My mother marched at the head of a column of women, holding a heeled shoe (not her own, heels would have elevated her beyond Abba’s reach) in one hand. Behind her came an assortment of women from the neighbourhood armed with saucepans, rolling pins and more shoes. The dissipating crowd congealed again. Iron man’s pack-up speed seemed to increase, but the women were upon him in no time. Two, a matron and Agnes, a Goan girl from down the road, whose sister had been on the front side with me, went to attend to the boy on the pavement. The others formed a circle around the now visibly nervous ride operator, Ammi being the only one inside with him.
‘Since you don’t speak the language of reason, we have decided to teach you.’
‘Leave me alone.’
‘So you can go and abuse other people’s children? We’re all mothers here, we don’t think you should go so easily. We don’t like anyone picking on our children.’
‘He’s not your son. What do you care?’
‘But you also scared my daughter. You ruined her new Eid clothes, and you stole her money.’
‘She gave it to me herself.’
‘Ashoo?’ my mother called back to me over her shoulder, ‘did you give him your money yourself?’
‘Yes, but he was supposed to give me change back and he didn’t.’ Fair was fair.
‘Give her back her money.’
‘Here, take it.’ He threw some coins on the ground.
‘Pick it up and hand it to her.’
‘She can pick it up herself. Or why don’t you?
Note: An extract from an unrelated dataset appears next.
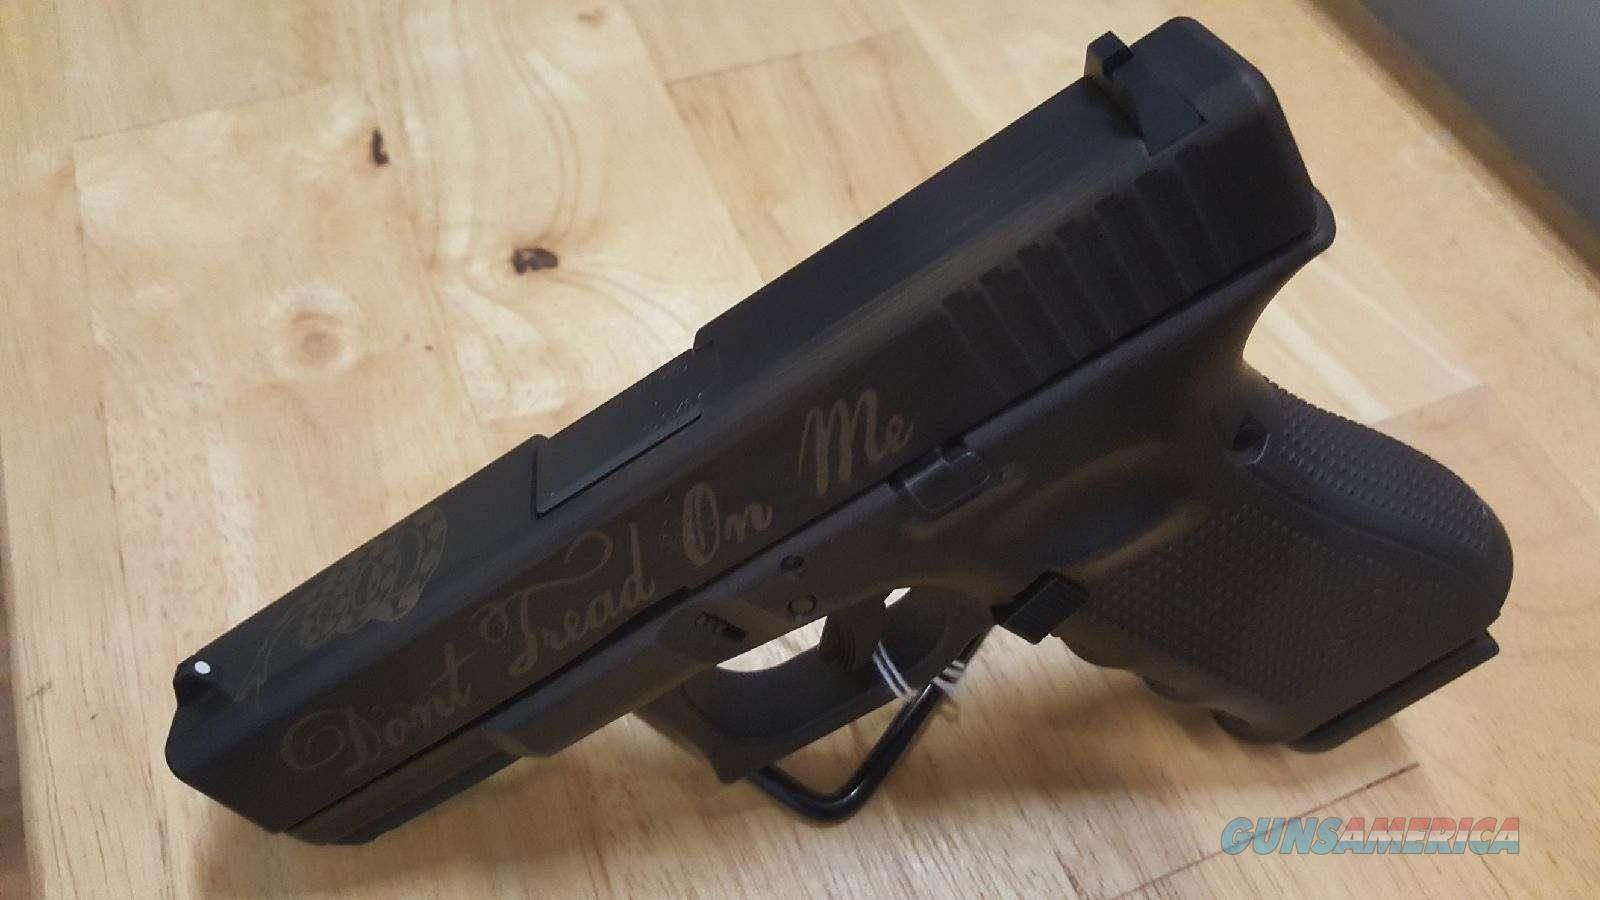 "Very Limited 9mm Glock 19 Gen 4 ""Dont Tread on Me"" - New in Box  Guns > Pistols > Glock Pistols > 19/19X"
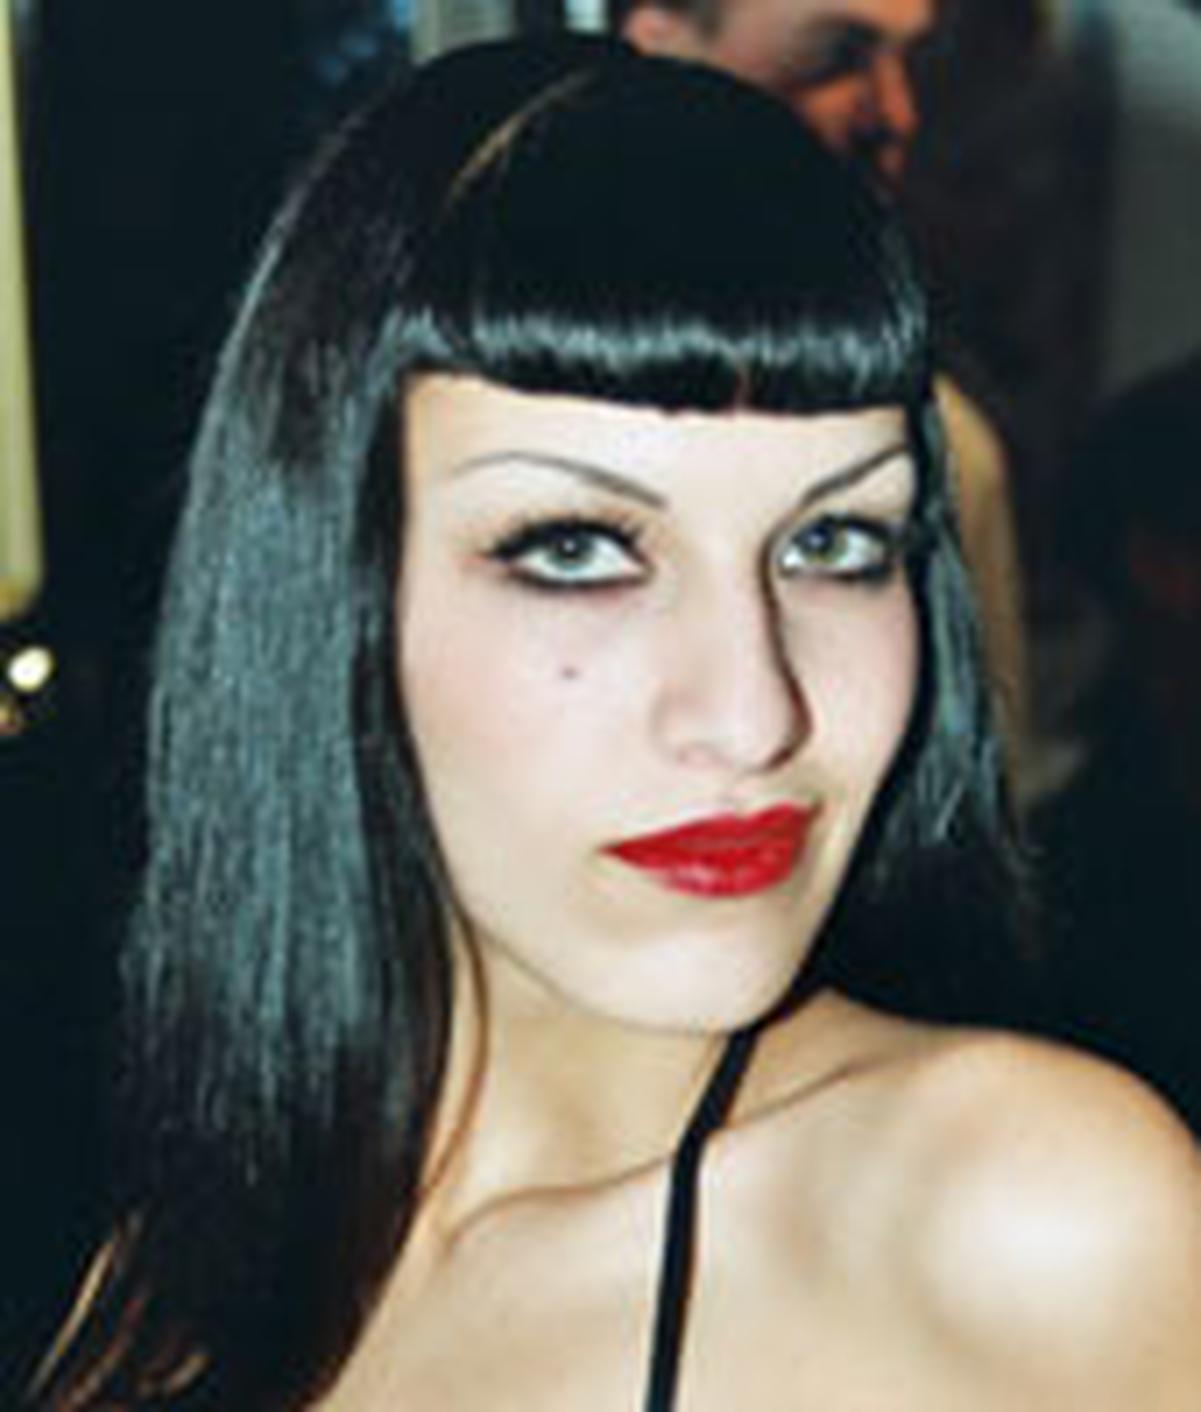 Rachel Rotten Wiki & Bio - Pornographic Actress

Someone like you should be used to bending over.’
Iron man had decided to make a stand, cement his masculinity.The now-silent audience had left him with no option.
‘You also need to apologize to the boy, and give him some Eidi while you’re at it. All you’ve earned today will be fine,’ Ammi continued.
‘I’m not going to do anything of the sort.’
‘I really think you should.’
‘I don’t care what you think. You and all these other bitches go get lost I’m leaving,’ he turned away.
Moving quickly, Ammi scooted past him and grabbed the frayed leather satchel he had been about to pick up.
‘Give it back!’ he grabbed for it. She dangled it over her head, then swung it around her body when he lunged for it. This cat and mouse game continued, until he snarled his frustration and grabbed her arm, twisting it to bring the satchel back into his reach. Ammi’s howl of pain might not have been entirely contrived, and she did have bruises afterwards where his fingers had dug into her skin, but I think she exaggerated for effect. And it worked.
I think it was Ammi’s shoe that struck him first, but after that it was pretty much first come first serve. When it was over, the man crawled on his hands and knees to pick up the coins and offer them to me in one trembling hand. I only took exact change. Then he apologized to once-brazen-now-sniffing boy, gave him lots of Eidi and was allowed to leave. Limping, bent, head-bowed as catcalls pursued him, it didn’t look like he would get very far before collapsing. The crowd finally dispersed, the women sweeping their children in tow as they headed home. The men were all laughing, grateful for the free holiday entertainment. It didn’t matter what had happened to whom or what was right or wrong, what was important was that there had been violence. And women. A man didn’t complain in the face of such munificence. The mind boggled.
‘Don’t think about it,’ Ammi stroked my hair as we walked home. ‘Men are different from us. Accept them as they are, learn to handle them, and be happy.’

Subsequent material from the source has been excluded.